Print Edition - 2017-04-04 | MONEY
Textile Company places rare bet on Turkey’s Kurdish southeast
-, DIYARBAKIR (TURKEY)
Apr 4, 2017-
In Turkey’s mainly Kurdish southeast, deeply scarred by conflict between state forces and militants, a textile firm that supplies companies across Europe plans three new factories - a rare bet the government can deliver on a vow to regenerate the region.
The government announced a $2.8 billion investment scheme for the area in September, hoping to win over the population with the prospect of economic revival before a referendum later this month on expanding President Tayyip Erdogan’s powers.
The Iskur group, a supplier to fashion brands including Zara, Adidas and Nike, sees its $100 million investment as showing the way for other companies from western Turkey to take advantage of government incentives and lower wages in the east.
Undaunted by the militant Kurdistan Workers Party’s (PKK) decades-old insurgency, it has been operating a $30 million cotton thread plant outside the region’s biggest city Diyarbakir since 2014 but few others have followed its lead.
“We have opened a door in Diyarbakir, creating an example for other investors in the west,” plant manager Ekrem Kul told Reuters as workers tended to rows of machines spinning thread. Iskur halted expansion plans in 2015 with the outbreak of some of the worst fighting since the PKK took up arms in 1984, but Kul said it revived them after the government initiative. It aims to employ more than 2,000 people in the new Diyarbakir plants, up from just 330 now.
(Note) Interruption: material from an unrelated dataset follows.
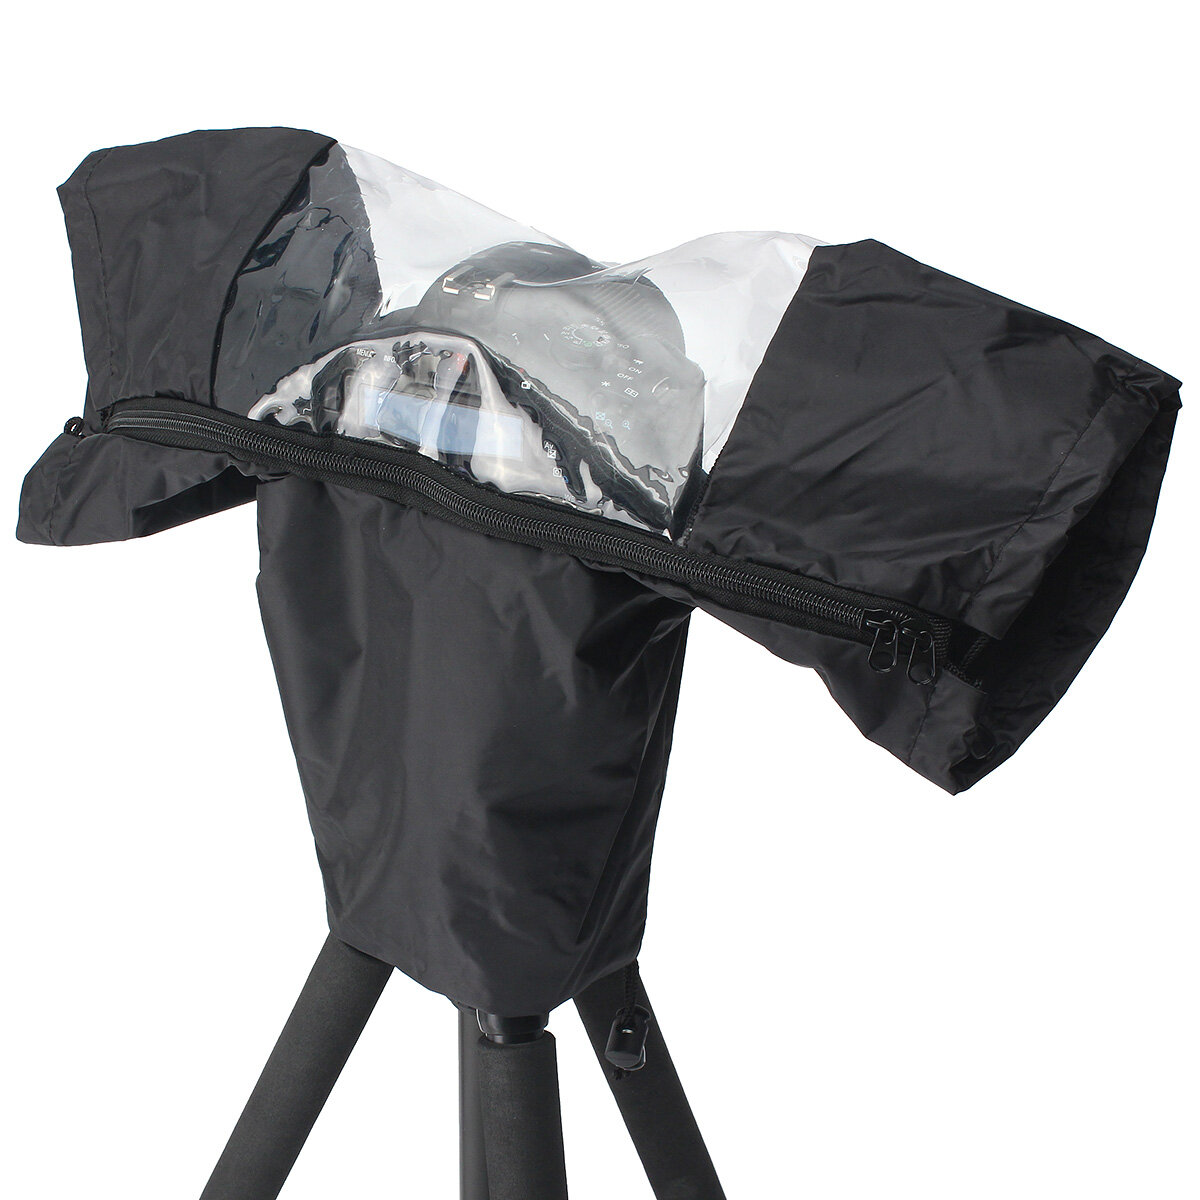 Waterproof Photo Rain Cover Protective Gear For Canon Nikon Pentax DSLR Camera

Its optimism is rare in a region where, according to the United Nations, the upsurge in violence between July 2015 and December 2016 killed around 2,000 people, devastated whole neighbourhoods and drove half a million people from their homes. The ruling AK Party, founded by Erdogan, owed much of its early success to its stewardship of the economy after coming to power in 2002, improving roads, building bridges and hospitals.
The pro-Kurdish HDP says the government has, however, failed to solve the problems of the southeast, where more than 40,000 people have been killed in three decades of conflict.
The government counters it has boosted per capita income in the area to $5,000 from $800 with extensive state investment.